___ Available data

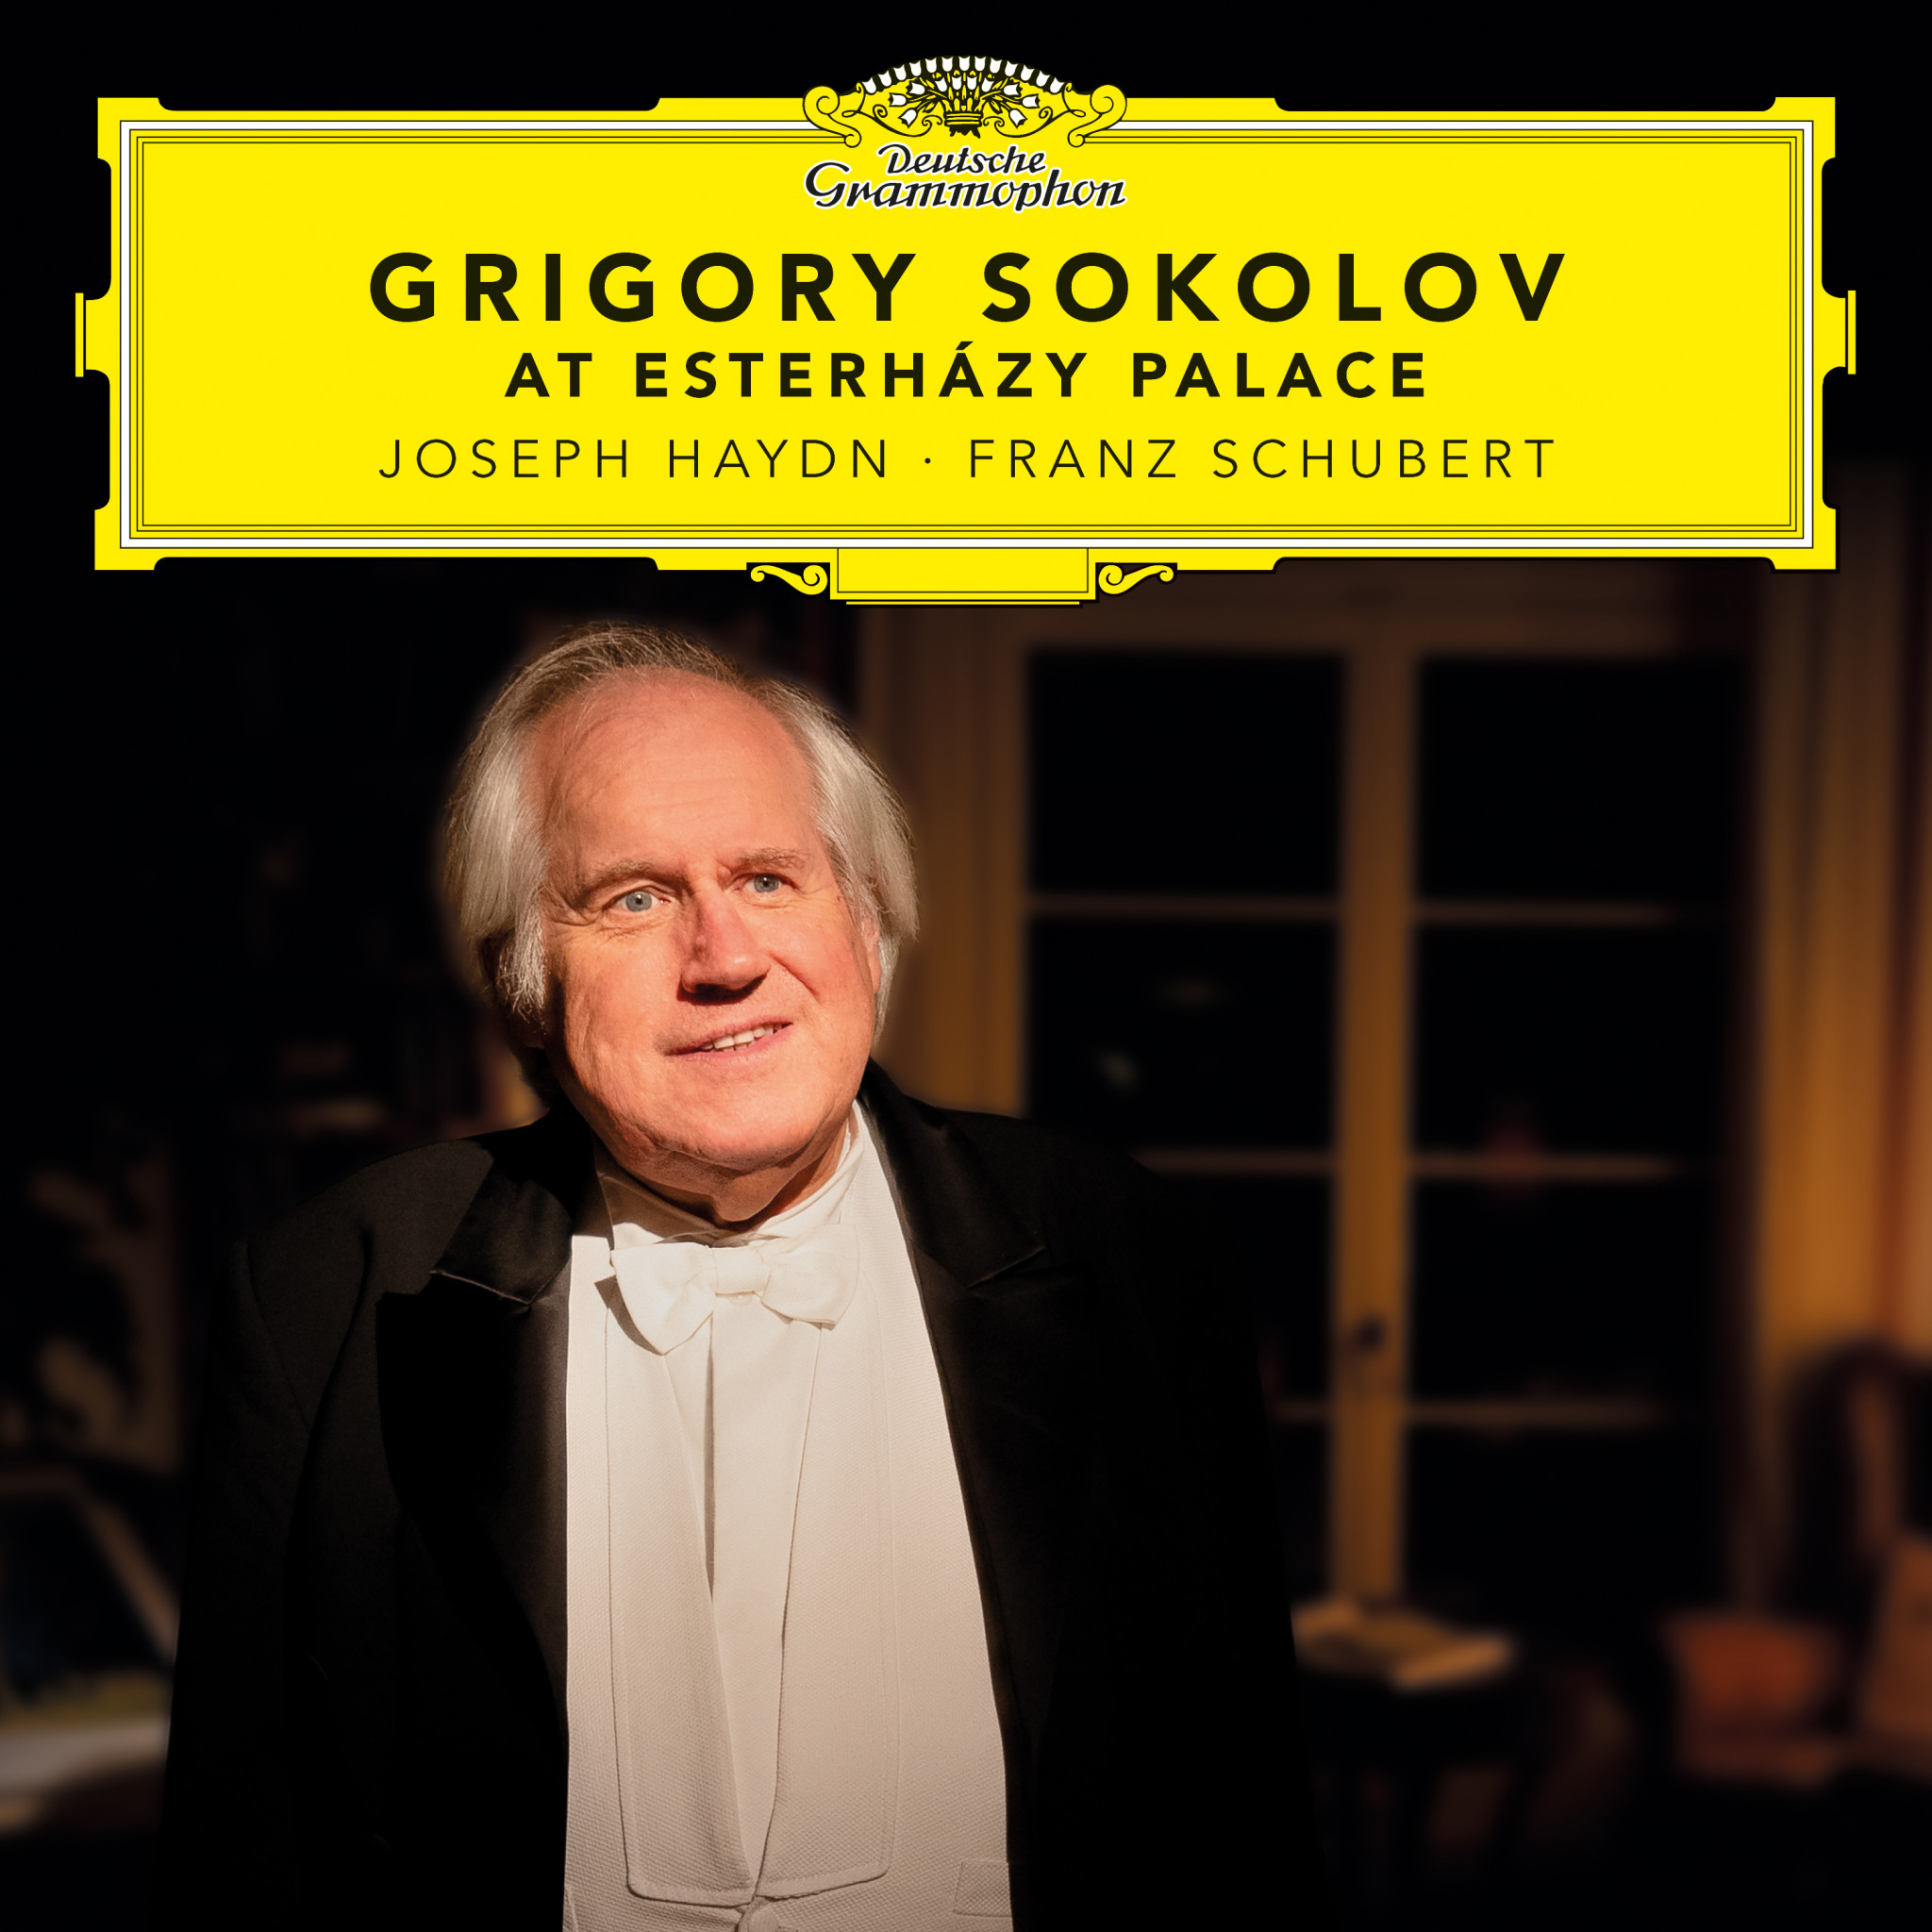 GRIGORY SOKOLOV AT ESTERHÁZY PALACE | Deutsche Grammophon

______
___ Available data

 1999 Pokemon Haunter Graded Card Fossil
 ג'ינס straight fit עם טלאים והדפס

______

• **Exercise directions**: Would you copy out exactly the lines above that start at the one containing "1999 Pokemon Haunter Graded Card Fossil" and end at the one containing "ג'ינס straight fit עם טלאים והדפס", inclusive?

• **Output**:
 1999 Pokemon Haunter Graded Card Fossil
 ג'ינס straight fit עם טלאים והדפס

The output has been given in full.